Retype all of the data word for word, without pictures.

• _SOURCE DATA_:
────────────────────

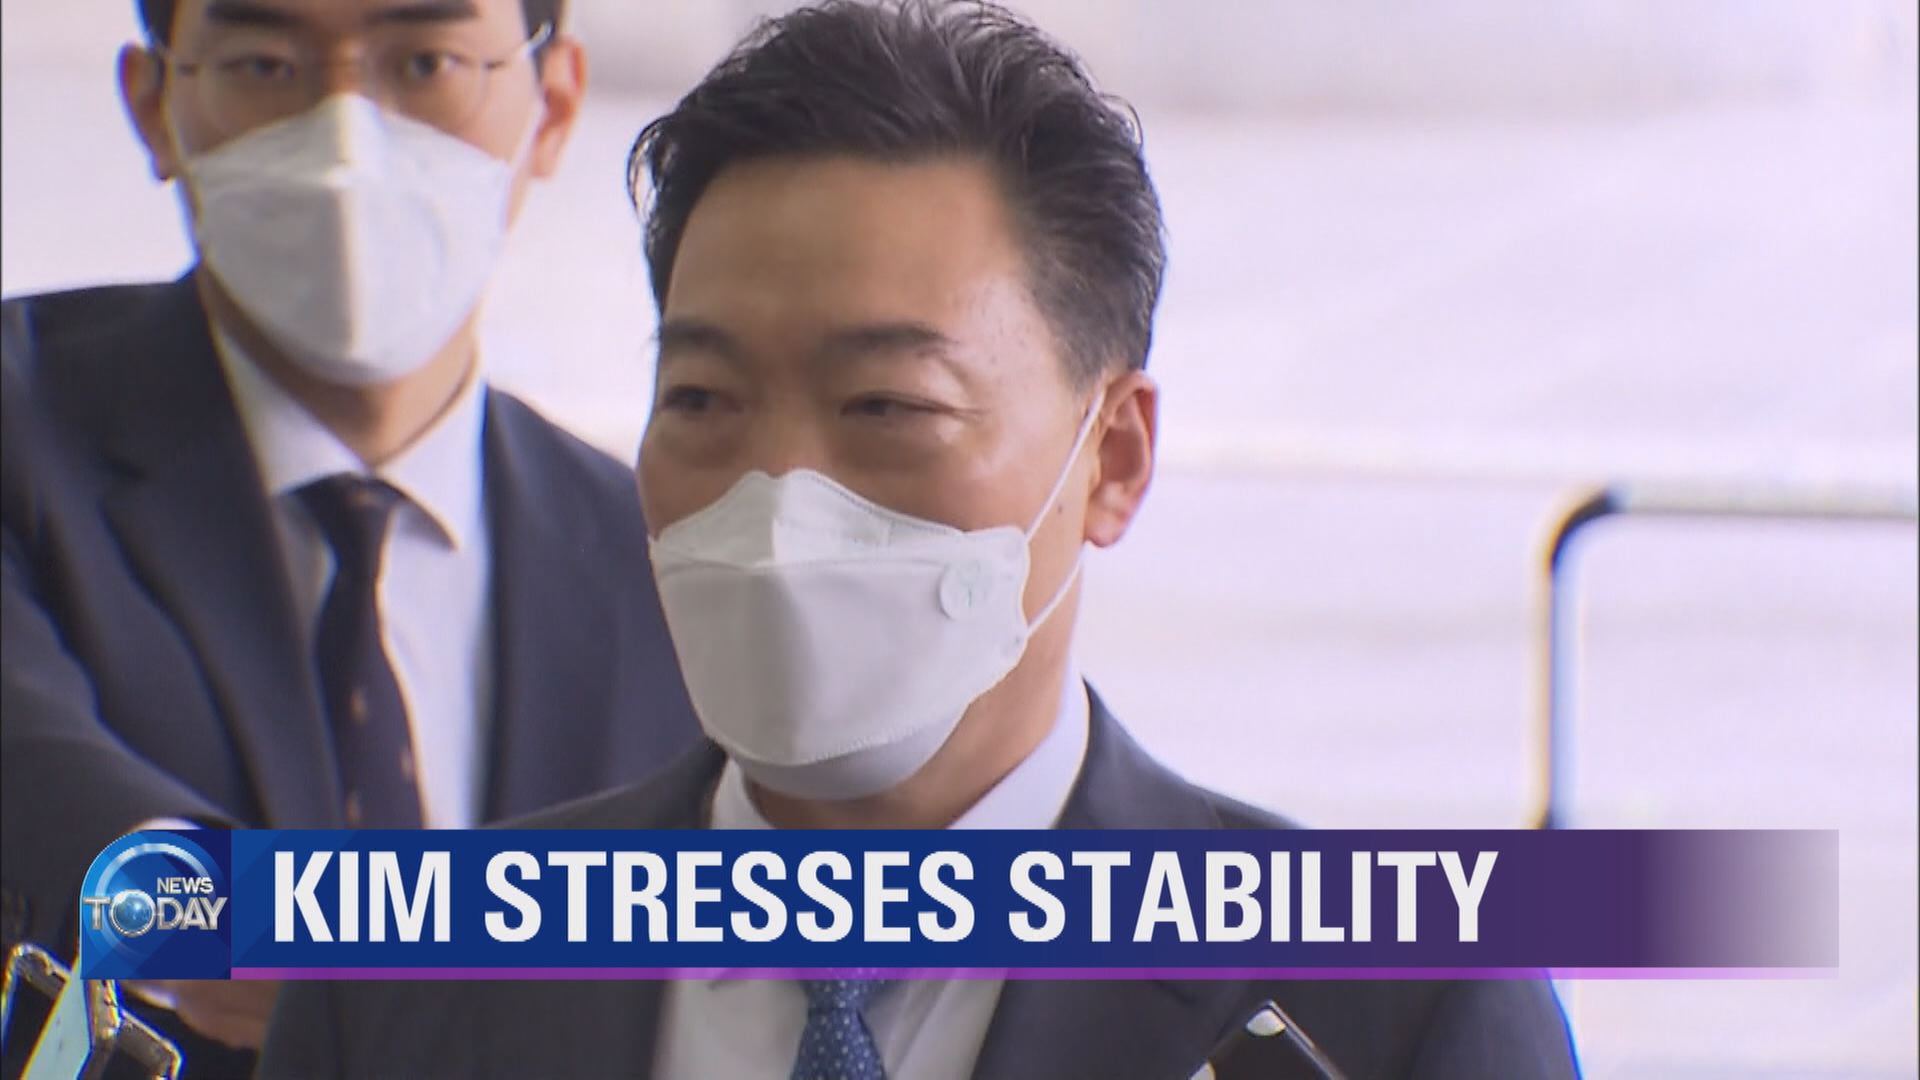 KIM STRESSES STABILITY
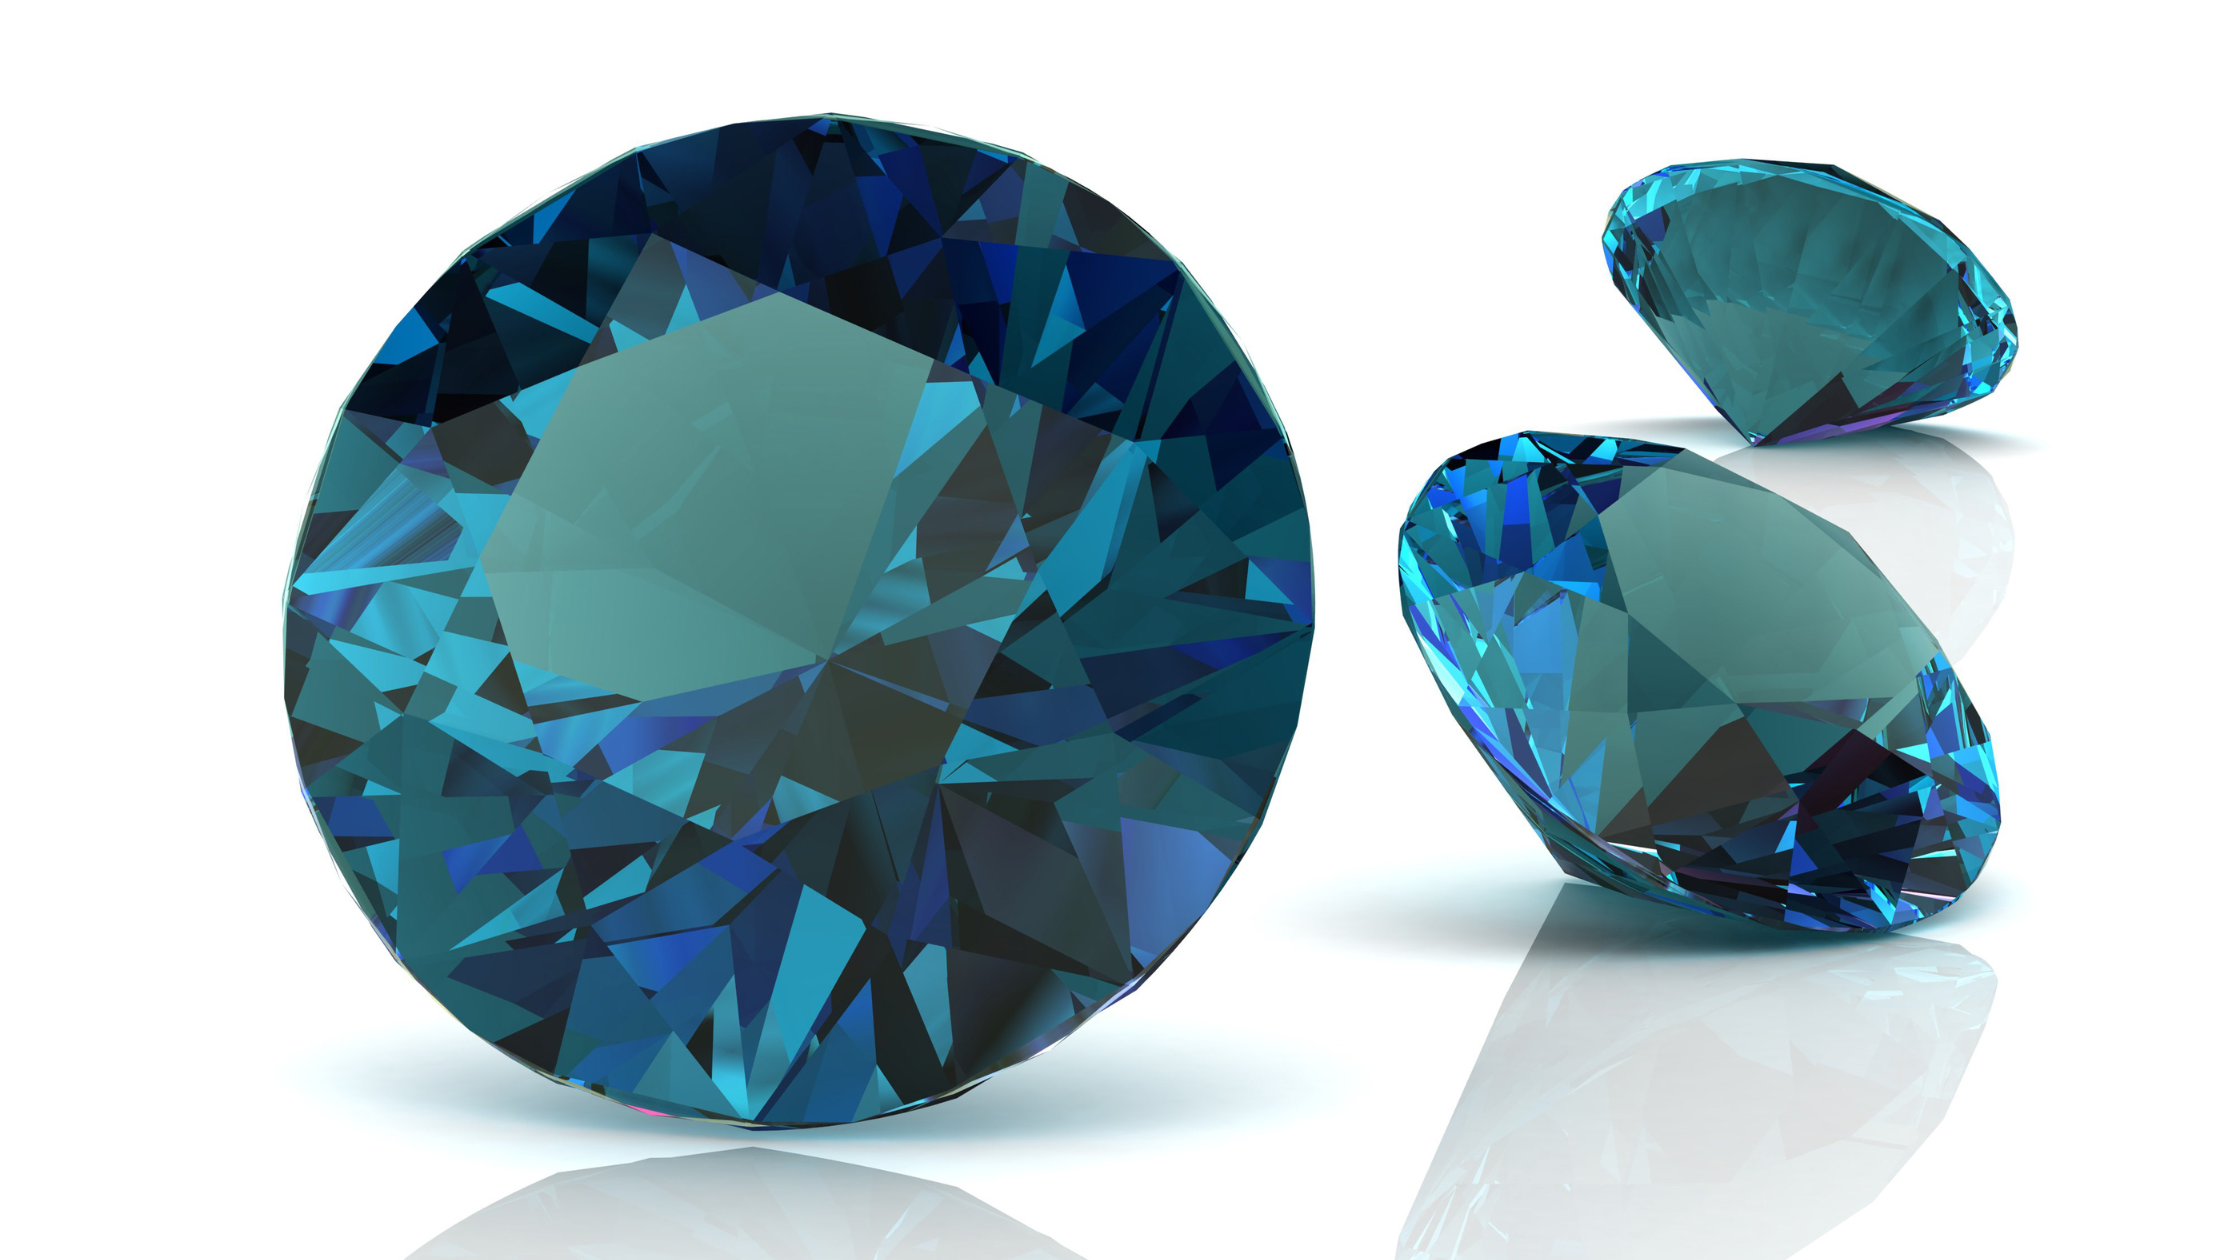 A photo of three alexandrite gemstones
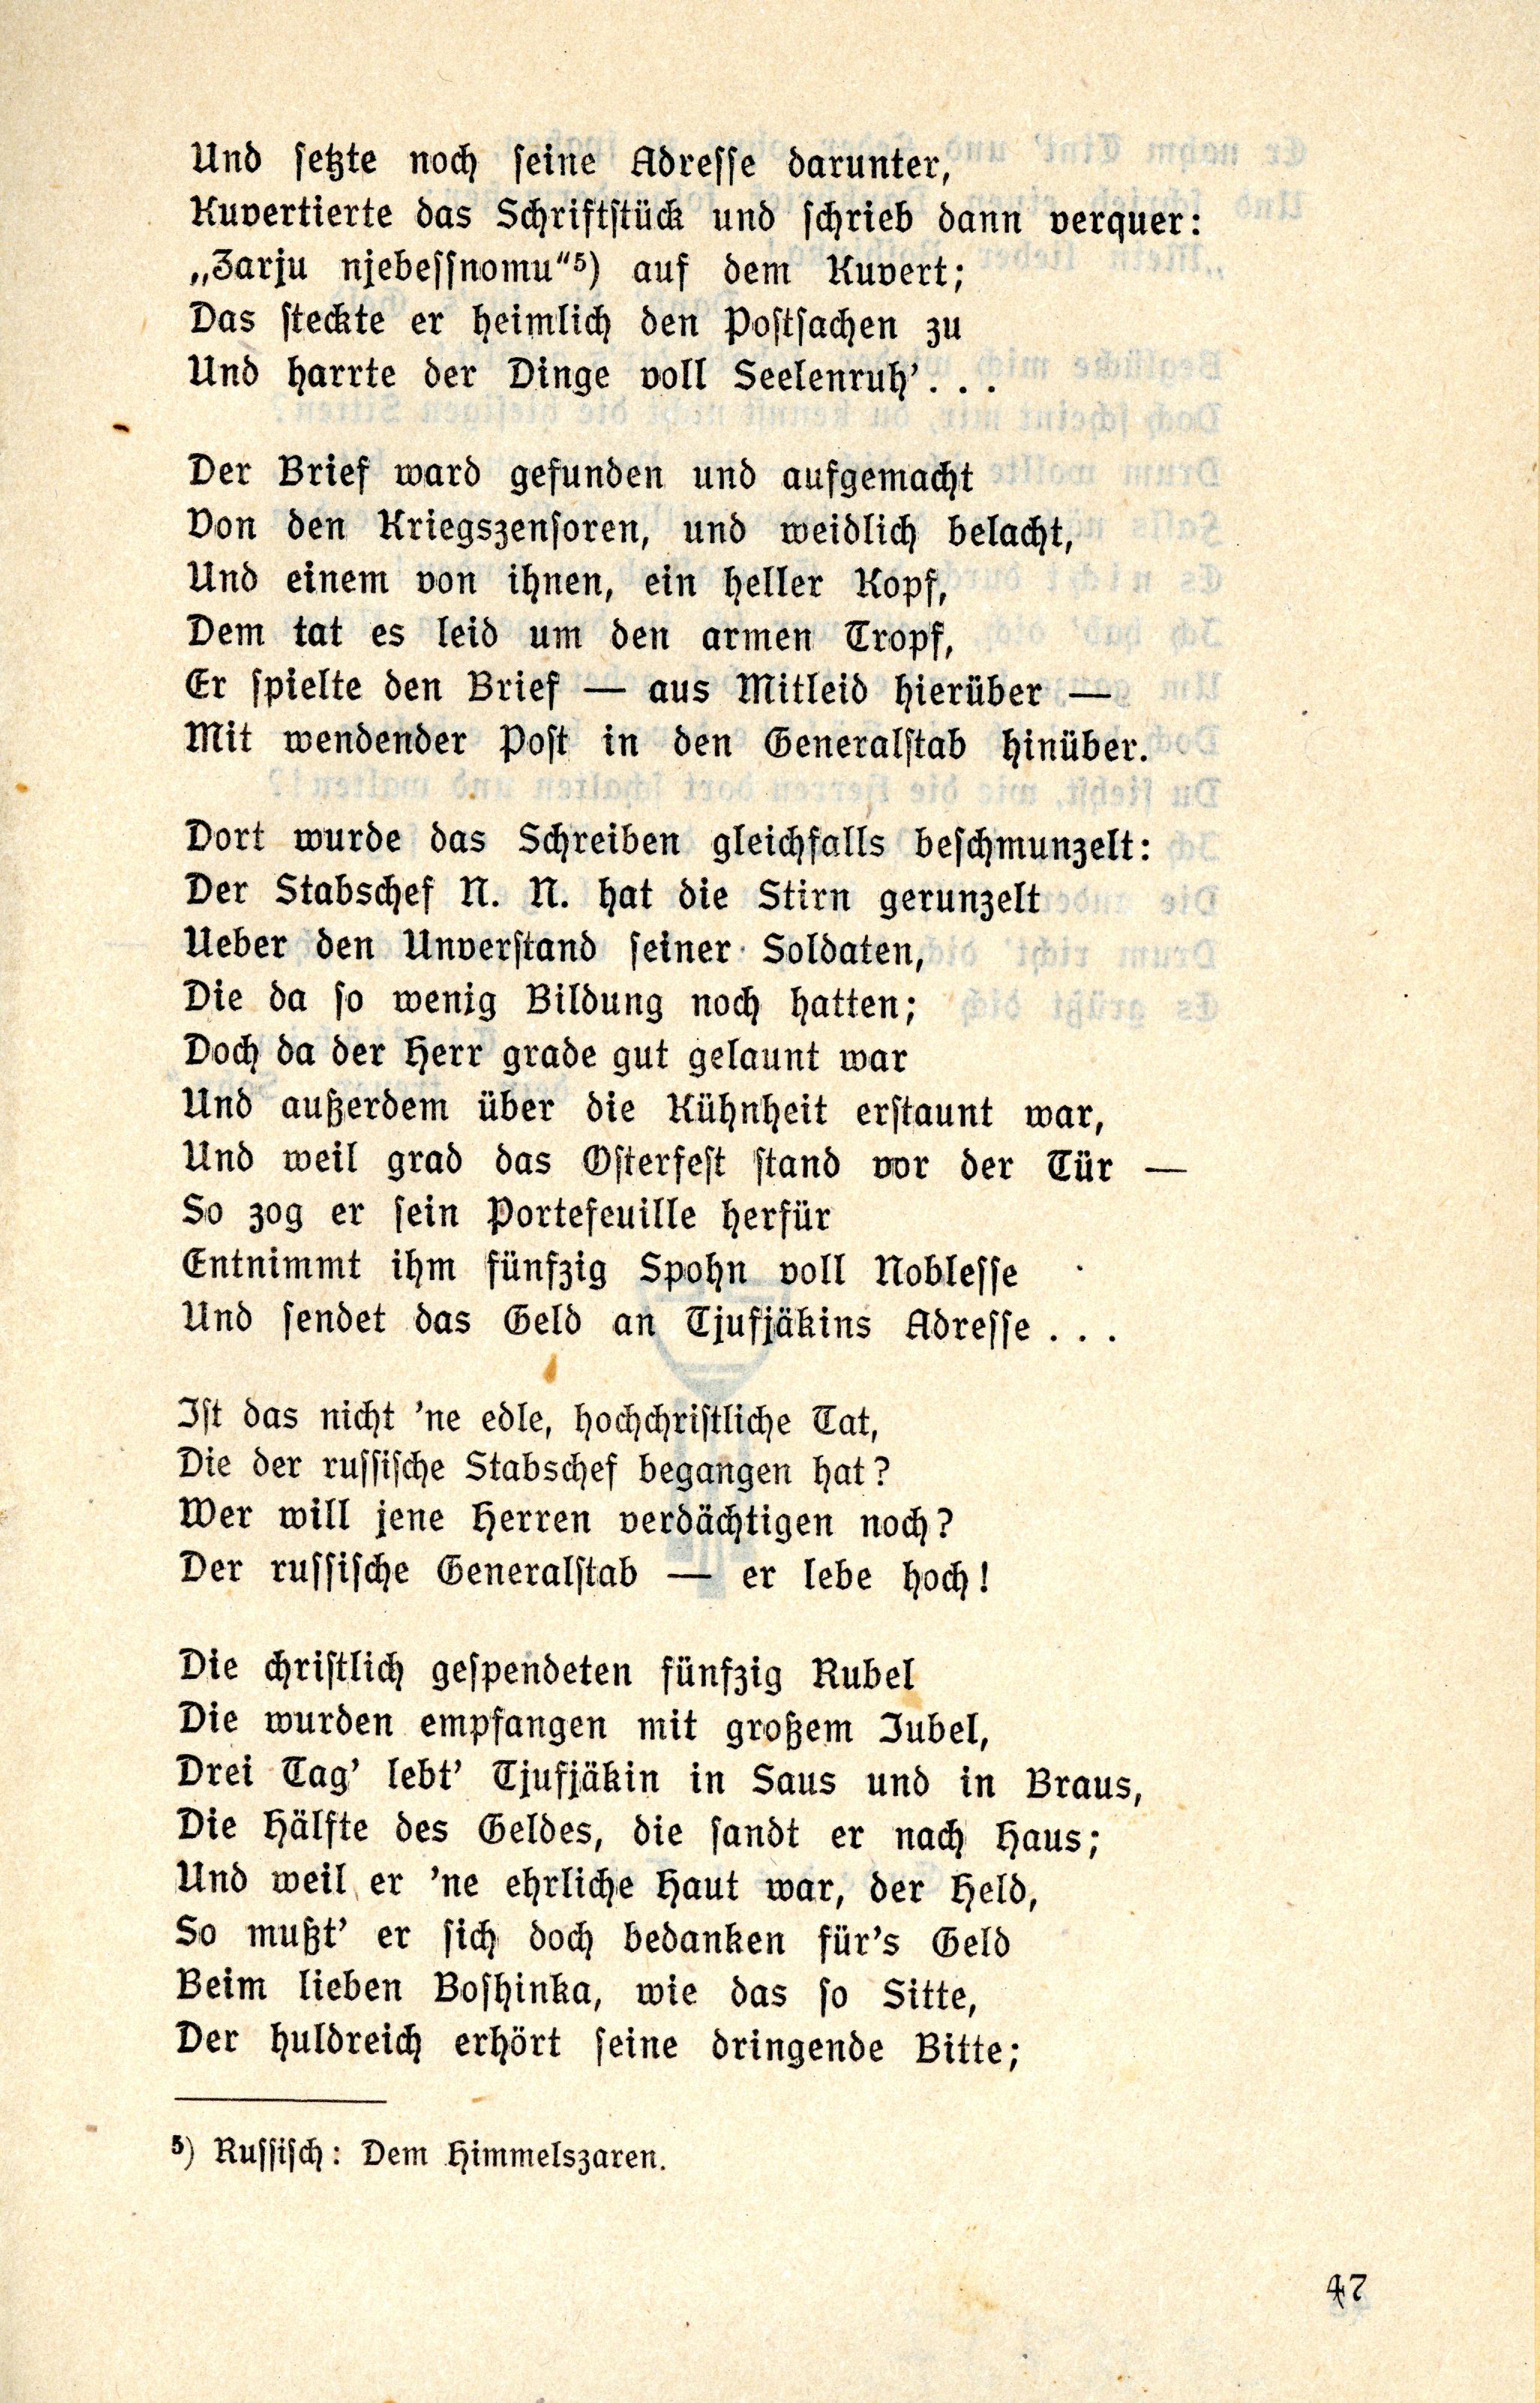 Der Balte im Maulkorb (1917) | 48. (47) Основной текст

────────────────────

• _EXERCISE SOLUTION_:
 KIM STRESSES STABILITY
 A photo of three alexandrite gemstones
 Der Balte im Maulkorb (1917) | 48. (47) Основной текст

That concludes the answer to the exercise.